Year:  2013        PMID: 24288944      PMCID: PMC3805880          DOI: 10.3329/jhpn.v31i3.16822

Source DB:  PubMed          Journal:  J Health Popul Nutr        ISSN: 1606-0997            Impact factor:   2.000


INTRODUCTION

The interest in Vibrio species worldwide stems from the history and epidemiology of cholera, a severe diarrhoeal disease thought to have originated from the Far East (Asia) thousands of years ago. The spread of cholera was sea-borne at first, affecting particularly coastal towns and fishing villages. As it gained foothold within the regions, the tribal behaviours of the populations, including funeral ceremonies, movement of people within and between countries, and the use of rivers for transportation, trade, and travel as well as source of domestic water became important factors in the dissemination of the disease on a scale reminiscent of the 19th century pandemics (1,2). The long-distance spread of the disease to Europe and the Americas through the Middle East region is thought to have begun in 1817. The Ogawa serotype is reported to have arrived at the Atlantic coast of West Africa in 1868 when the first cholera outbreak was reported in the region (3,4). From September 1970, the disease invaded West African countries one after another–Guinea and Sierra Leone (28 September 1970), Liberia (October 1970), Ivory Coast (20 October 1970), Mali and Togo (both on 24 November 1970), Dahomey (16 December 1970), Upper Volta (Burkina Faso) (17 December 1970), Nigeria and Niger (27 December 1970) (1,5). The first recorded outbreak of the disease in Nigeria in 1970 was in Lagos, with three bacteriologically-confirmed cases. Since then cholera cases have been reported in various parts of the country (6,7). Vibrio cholerae, the causative organism of cholera, is just one of over 33 species described in the genus Vibrio, among which 12 species, including V. cholerae, have been reported to be pathogenic to humans. Nine of these have actually been isolated in clinical conditions attributed to them (8); 8 among them have been associated with food-borne infections of the gastrointestinal tract (9). Infections due to food-borne Vibrio are common in Asia, including Hong Kong, and in sub-Saharan Africa, including Nigeria (6,7,10). Sea-foods and water are the major sources of infection, and Vibrio species have largely been isolated from these sources in the south-eastern region of Nigeria (7,11,12). It is against this background that shellfish and water samples from five fishing islands in this region, which are the major sources of shellfish sold in inland markets of Nigeria, were screened for Vibrio species and pathotypes.

MATERIALS AND METHODS

Description of the project area

The study was carried out around five fishing islands—Asia-Obufa, Obio-Iwang, Ikot-Itie-Idung, Utam-Iyata, Utam-Antai located on the Bight of Biafra (Bonny) and belonging to Ibaka LGA of Akwa-Ibom State, Nigeria. Each island has 1,000-1,500 inhabitants. All inhabitants have homes in villages in the mainland and stay in make-shift shelters with their families to engage in daily out-sea fishing activities and shellfish processing for dispatch to the inland markets. The inhabitants have no toilet facilities and defaecate at the banks or inside the sea.

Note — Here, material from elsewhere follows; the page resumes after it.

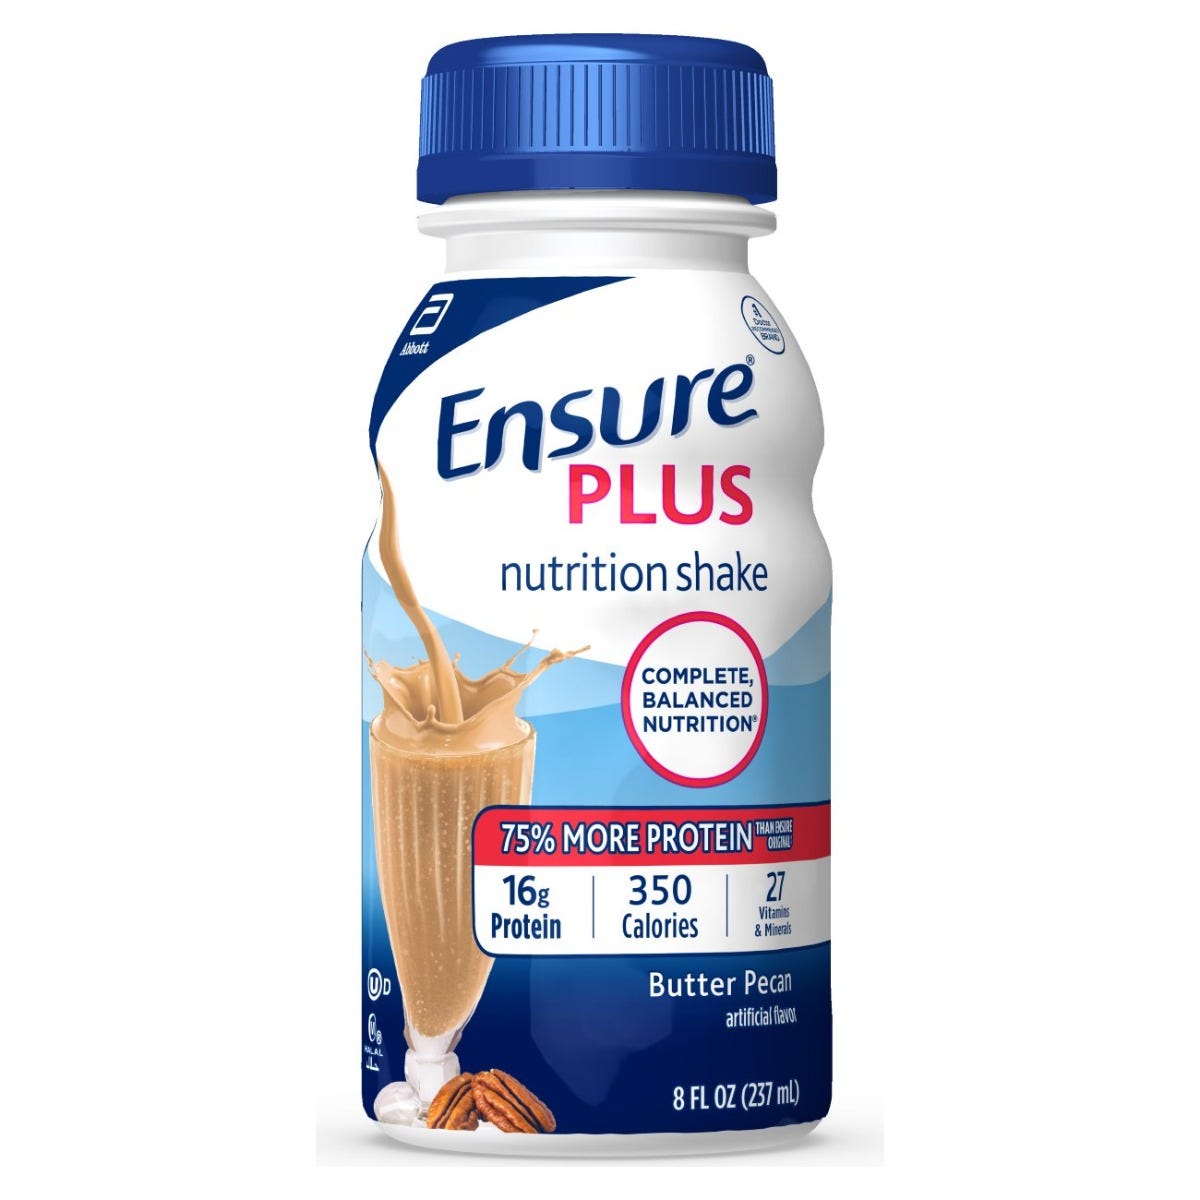 Ensure Plus Nutrition Shake / Butter Pecan / 8 fl oz

Collection of shellfish and water samples

Freshly-harvested crayfish and lobsters were purchased from fishermen as they came ashore after the night-fishing activities. These were immediately put in sterile polythene bags to avoid further contamination and conveyed to the laboratory sandwiched between ice-blocks in insulated ice-boxes. Three sea-water samples (250 mL each) were also collected from each of the five islands as follows: using a sterilized conical flask, the sea-water samples were collected at 3 points in each island–one just at the ocean bank, the second at about 100 m from the shore, and the third at about 500 m from the shore into the sea. The conical flask was held with its mouth down and, in that position, it was submerged into depth of about 100 cm before the mouth was turned upwards under water to fill. All water samples were transported to the laboratory under the prevailing atmospheric conditions.

Crayfish and lobster

Approximately 2.0 g of crayfish or lobster sample was taken and homogenized into smooth slurry, using a sterile pestle and mortar; 1.0 g of the homogenate was suspended first in 1.0 mL of normal saline in a 25-mL Pyrex test tube and the volume made up to 10 mL with more saline to obtain a 1% (w/v) suspension. Subsequently, the suspension of homogenized tissue was serially diluted 10-fold, down to 106; then, 1.0 mL of each dilution was spread over a freshly-prepared thiosulphate citrate bile-salt sucrose (TCBS) agar (Oxoid) plate, using a sterile bent glass-rod. The plate was incubated at 37 oC in a humidified incubator for 24 hours. Triplicate plates were prepared in the same way from a separate 2.0 g sample of the same batch of crayfish or lobster. After 24 hours, the incubated plates were observed for characteristic Vibrio colonies. Each colony, distinguished mainly by colour and size, was counted separately. Then, discrete representatives of each colony type were randomly selected for purification and characterization.

Water

Water samples collected from different islands were analyzed for temperature and pH at the point of collection and for total dissolved solids (TDS), using a TDS meter (Korea, HM Digital Inc.), and values were expressed in parts per million (ppm). Subsequently, approximately 200 mL of each sea-water sample was filtered through a sterile 0.45-μm membrane, using a vacuum pump to facilitate the process; then, the filter unit was carefully dismantled, the membrane aseptically removed with sterile forceps and placed on TCBS agar. After incubation at 37 oC for 24 hours, the plate was examined for characteristic Vibrio colonies which were then counted and discrete colonies randomly selected for characterization.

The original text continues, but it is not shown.